The total number of people employed across these sectors equates to one in 12 jobs being directly at risk of destruction. If one includes family and dependants as a reflection of the normal size of households, the Level 3 restrictions could impact millions more as they rely on the breadwinner’s wages.
Since many also help dependants outside the immediate family, the overall number of people impacted could be as much as 10% of the South African population.
Remember too that South Africa is often credited with the highest unemployment rate in the world. The impact will be felt even if only half of the jobs at risk are destroyed.
Impact on some provinces and metros will be more severe
Some provinces have even higher numbers: one in six jobs in the Western Cape and one in five in the Northern Cape are at risk.
While the Eastern Cape has ‘only’ one in 13 jobs at risk, the impact could be greater, as the province’s extended unemployment rate could increase to close to 60%.
Measured differently, the risk for the Eastern Cape is that only one in four adults will have a job if the jobs at risk are destroyed.
While metropolitan unemployment rates are generally lower than rural unemployment rates, all eight metros in the country could end up with extended unemployment rates above 40%.
One, Nelson Mandela Bay, would have an unemployment rate of over 50%.
Two others, Mangaung and Ekurhuleni, could have unemployment rates of close to 50%.
Employment impact of current Level 3 restrictions by province
|Province||One out of x number of jobs at risk||Number of jobs at risk|
|Western Cape||6.1||417 953|
|Eastern Cape||12.8||109 643|
|Northern Cape||4.6||74 222|
|Free State||18.3||43 805|
|North West||28.1||35 615|
|SA||12.1||1 376 682|
Base source: Statistics SA’s Quarterly Labour Force Survey (QLFS); with added data for barley-, hops- and wine-grape farming, as well as annual reports for airports, rail services, and data on Uber and Bolt from desktop research. Provincial split from QLFS and commercial survey of agriculture.
Limpopo and the Eastern Cape already have the highest unemployment rates in the country, so any increase, not matter how small, will have a devastating impact.
Overall, South African unemployment could rise from 43.1% to 51.6% within a year, driven by the potential Level 3 job losses and increasing numbers of job seekers.

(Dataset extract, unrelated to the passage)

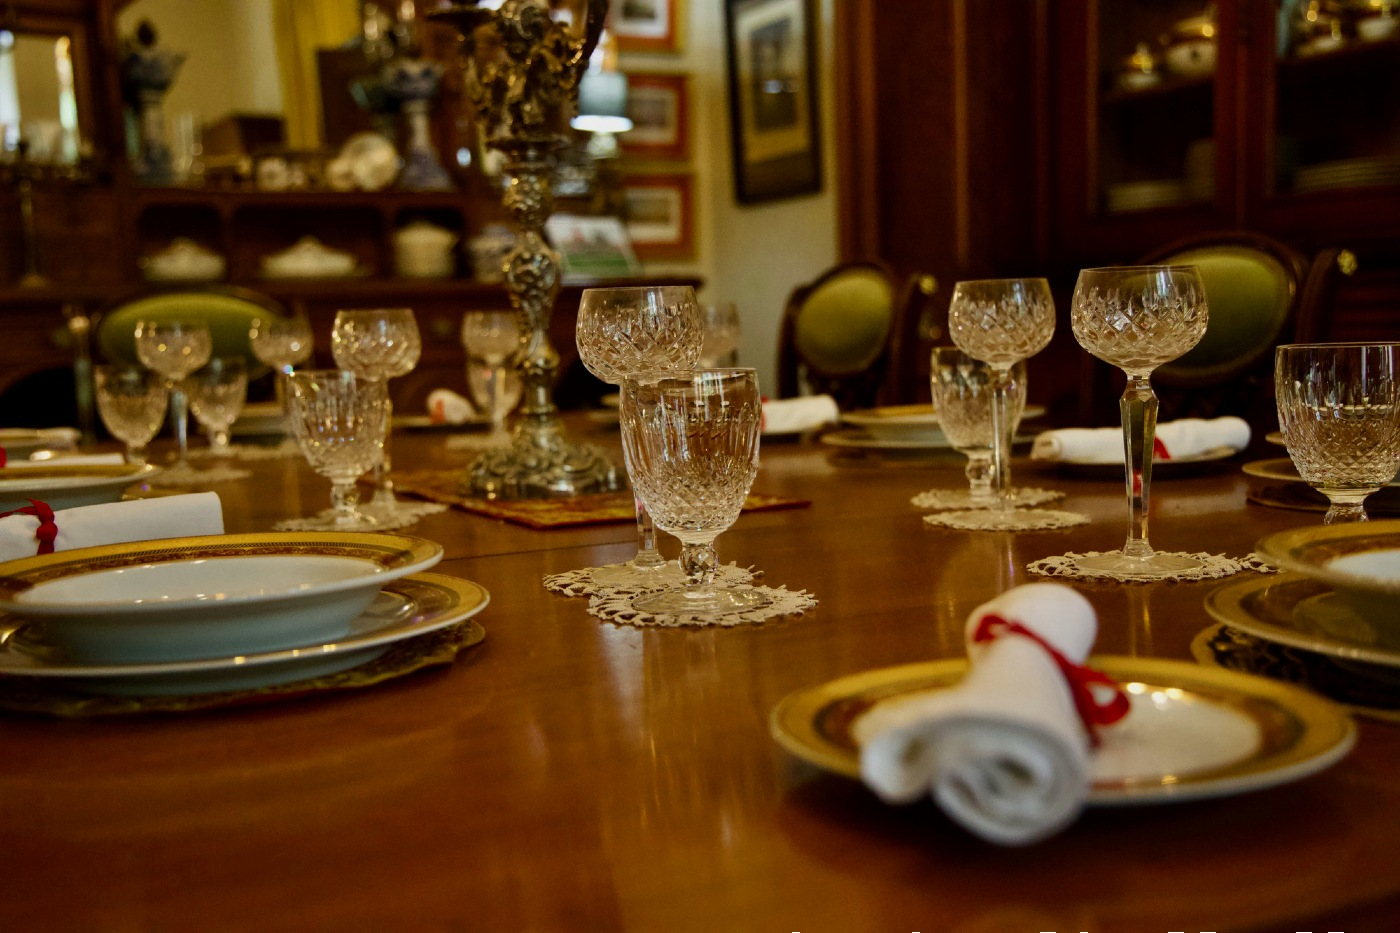 Historic Abercrombie House Dining Room Bathurst NSW

In addition to these unacceptable job losses, the Level 3 restrictions are having detrimental repercussions for the turnover of industry as well.
Turnover, tax and knock-on effects
The turnover of those formal private sector industries most impacted by the restrictions was R69 billion a month in 2019.
Using annual financial statistics, the formal private sector is at risk of losing 8.1% of its turnover every month the restrictions remain in place.
The estimated impact across these sectors is a reduction of at least 60% in turnover.
This means R41.4 billion is lost every month the restrictions remain.
The formal salaries paid to employees in these sectors is R9.6 billion per month. Personal income tax is estimated at R1.5 billion per month. Adding agriculture and informal employee income would take the total close to R10.5 million.
The knock-on impact can be seen by the fact that these industries buy R38.7 billion worth of goods from other sectors every month. They also spend R1.5 million on advertising, and R4.6 billion on fixed costs such as rent, leases, and interest per month.
Moreover, these sectors pay R7.6 billion in taxes every month, over and above the employee paye-as-you-earn (PAYE) tax mentioned above. These taxes are made up of value-added tax (Vat), excise duties, and company taxes.
The total taxes combined are well over R9 billion per month for the formal sector alone.
Adding things like passenger taxes and tourism spend along with informal sector Vat spend, the impact of the Level 3 restrictions on the fiscus is certainly well over R10 billion per month.
Keep business alive
The fact that the government extracts over R10 billion per month from these industries during normal times, but cannot find any funds to help them when they are in trouble, is economically short-sighted.
Keeping these businesses alive and operating as far as possible, while they take precautions against the Covid-19 pandemic, will help pay for the now bigger deficit even in the short term.
Over a maximum period of six years, a relief package that helps the whole industry for three months at a rate of just over R10 billion will have been more than paid back.
Government relief on that scale will also mean that banks will be more likely to help restructure repayments, and suppliers would be able to help with more finance too.
Paying employees extra via the Temporary Employer-Employee Relief Scheme (Ters) would also help greatly. No one can go 10 months with restrictive earnings as a result of harsh restrictions without any government relief.
Government has a moral duty to not cause business failure, and to avoid mass hunger.
It must immediately reopen the economy and allow businesses to take the necessary hygienic precautions without undue interference.
Mike Schüssler is a long-time Moneyweb columnist and Phumlani Majozi is a business and macroeconomics analyst and commentator.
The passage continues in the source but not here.